With pictures omitted, restate the data word for word.

▸ Data excerpt:
**********
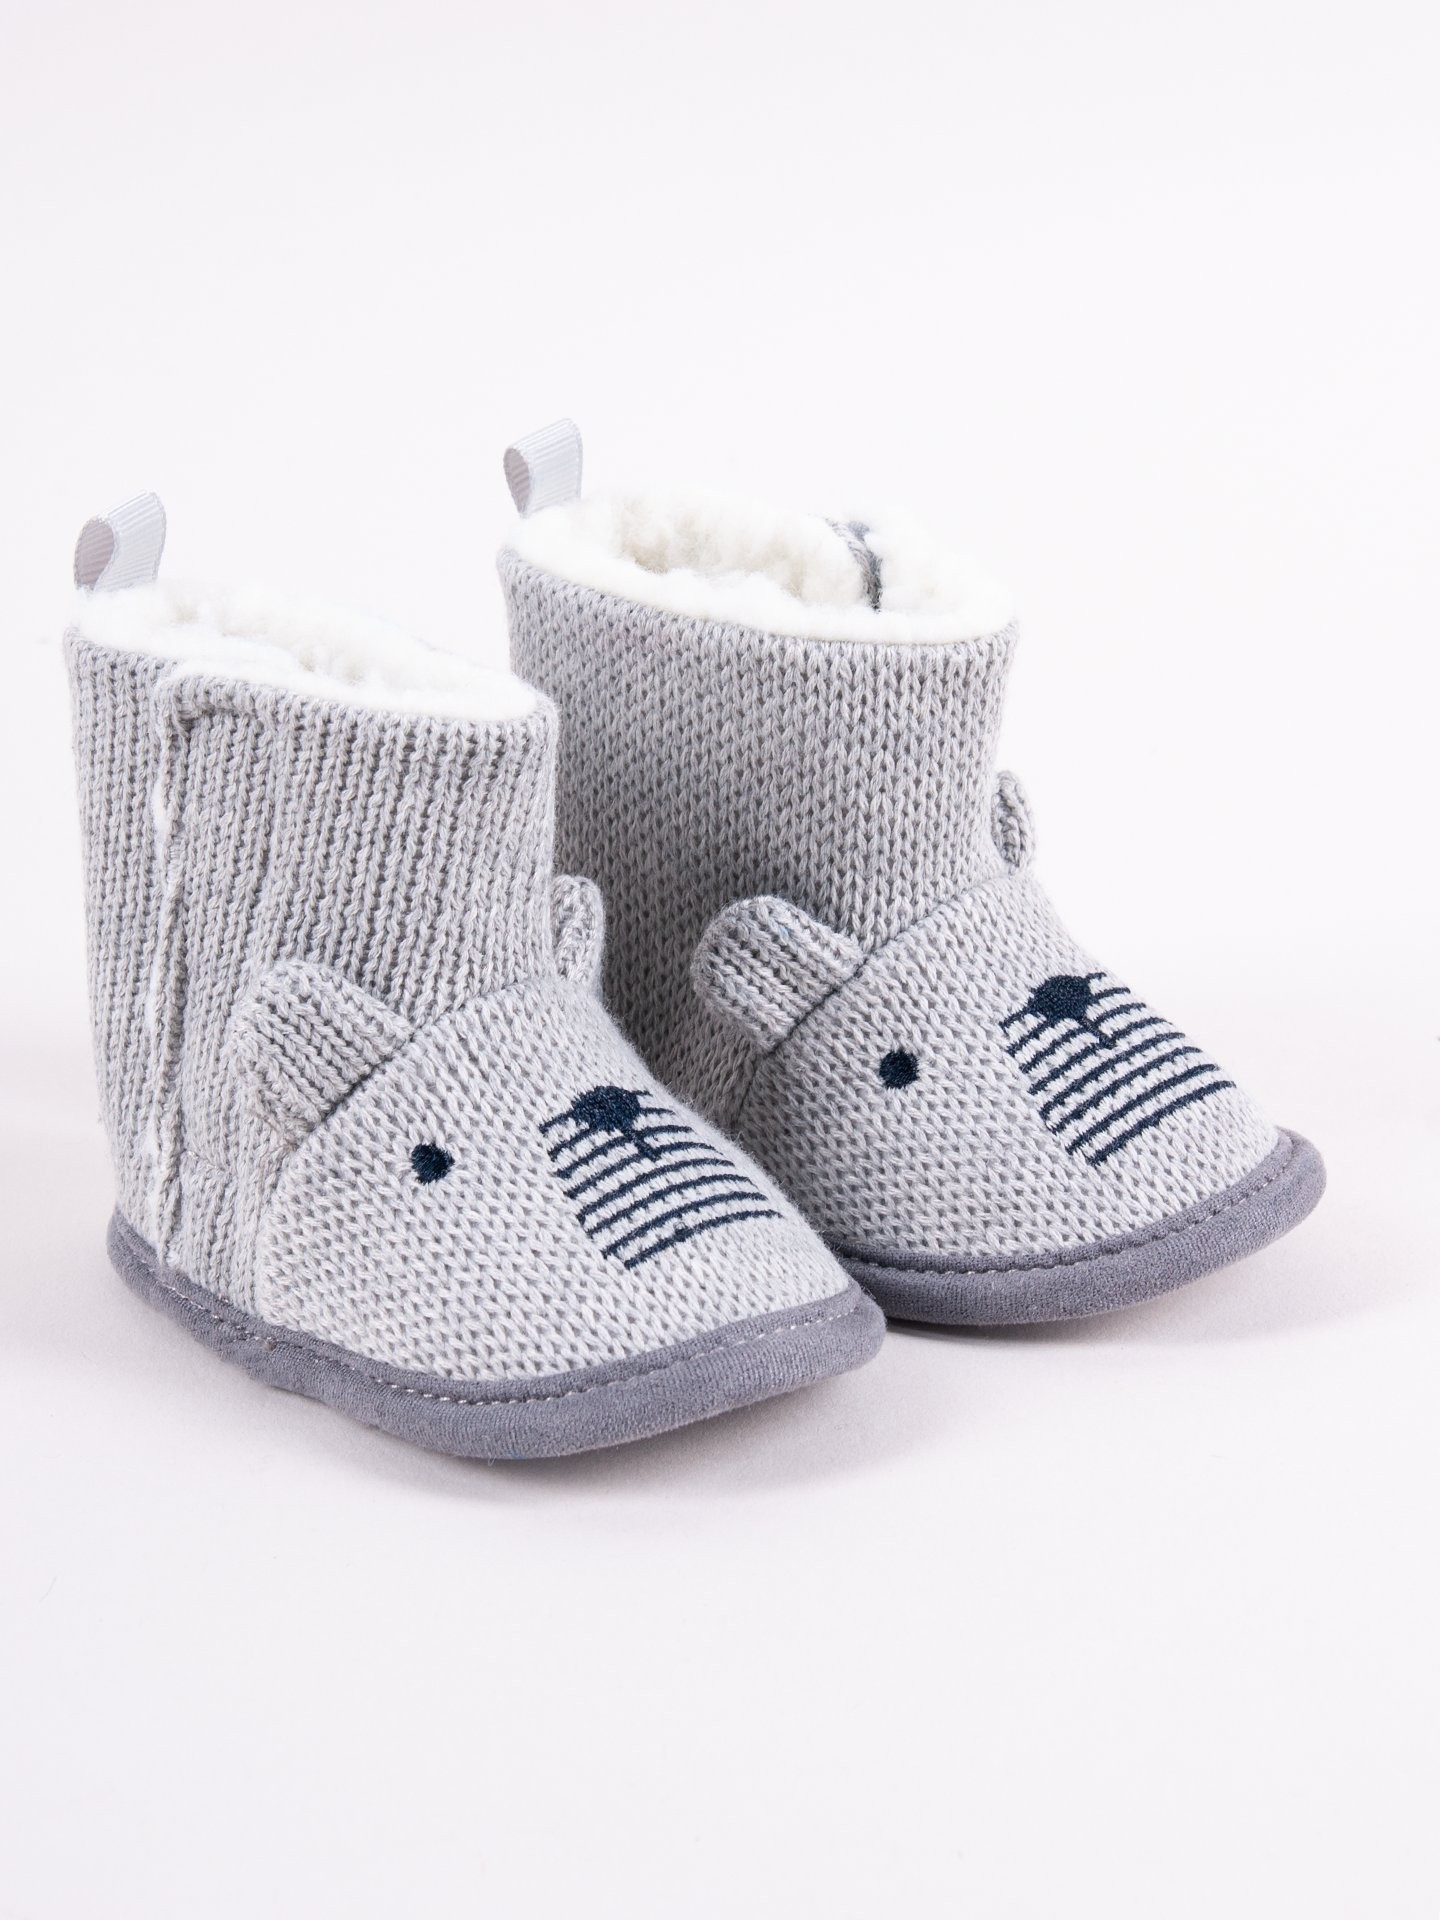 Yoclub Chlapecké boty na suchý zip OBO-0196C-6600 Grey 0-6 měsíců
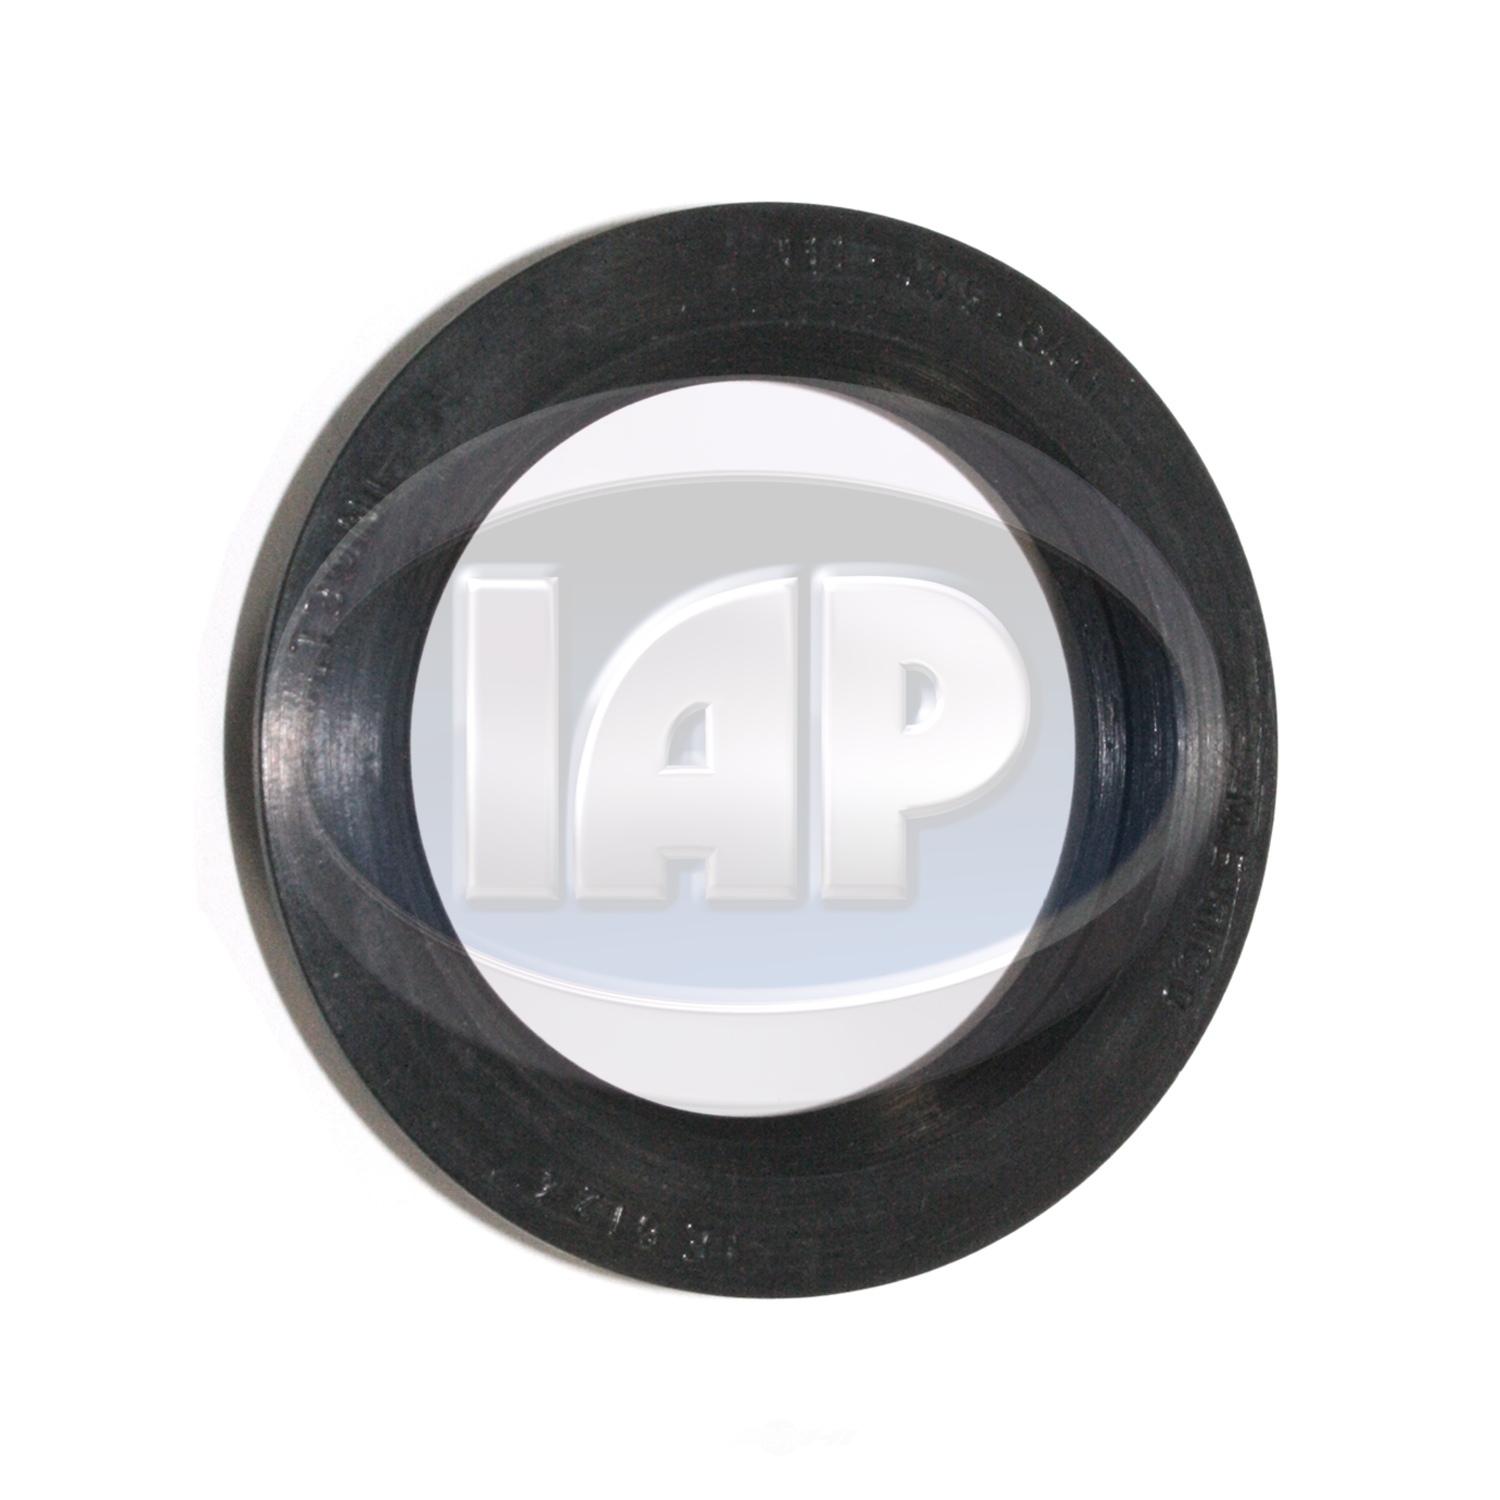 IAP/KUHLTEK MOTORWERKS - Wheel Seal - KMS 111405641B
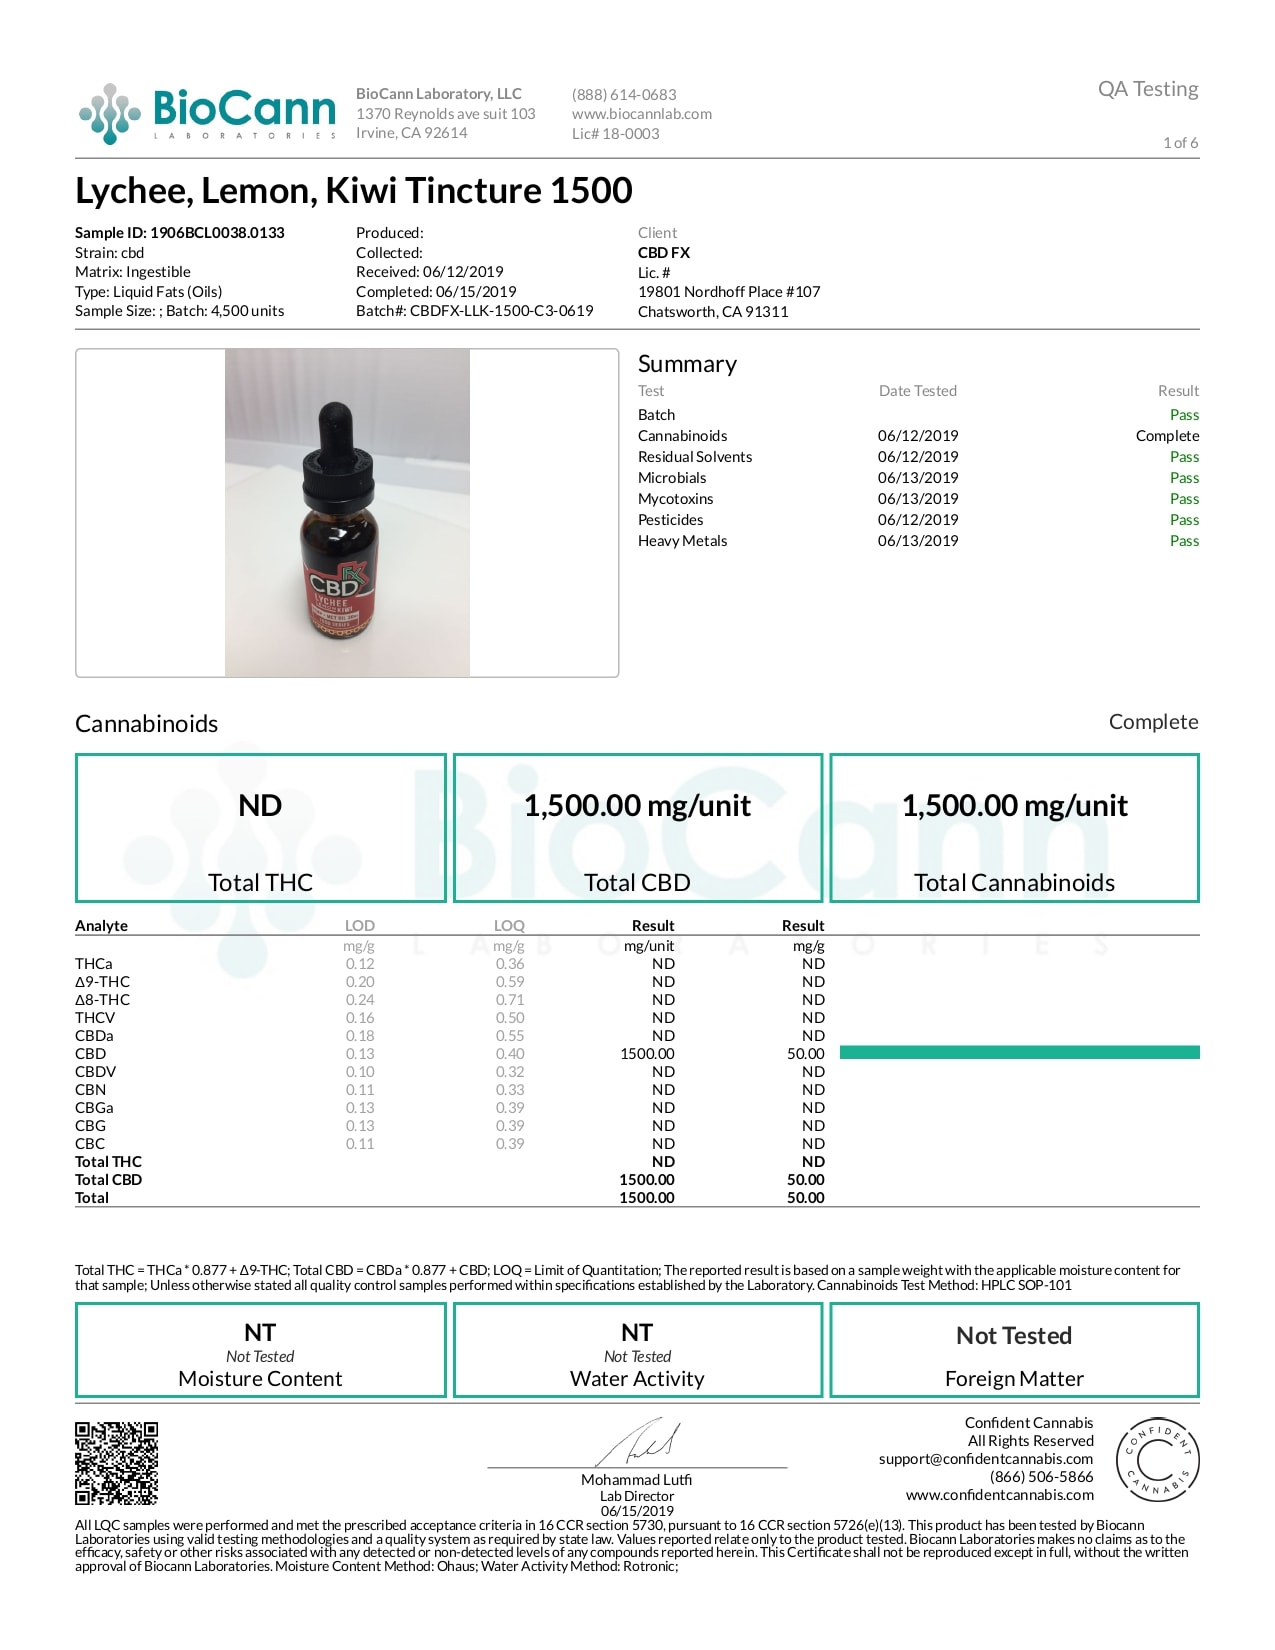 CBDfx Lychee Lemon Kiwi Lab Report CBD Oil Tincture 1500mg
**********
▸ Response area:
 Yoclub Chlapecké boty na suchý zip OBO-0196C-6600 Grey 0-6 měsíců
 IAP/KUHLTEK MOTORWERKS - Wheel Seal - KMS 111405641B
 CBDfx Lychee Lemon Kiwi Lab Report CBD Oil Tincture 1500mg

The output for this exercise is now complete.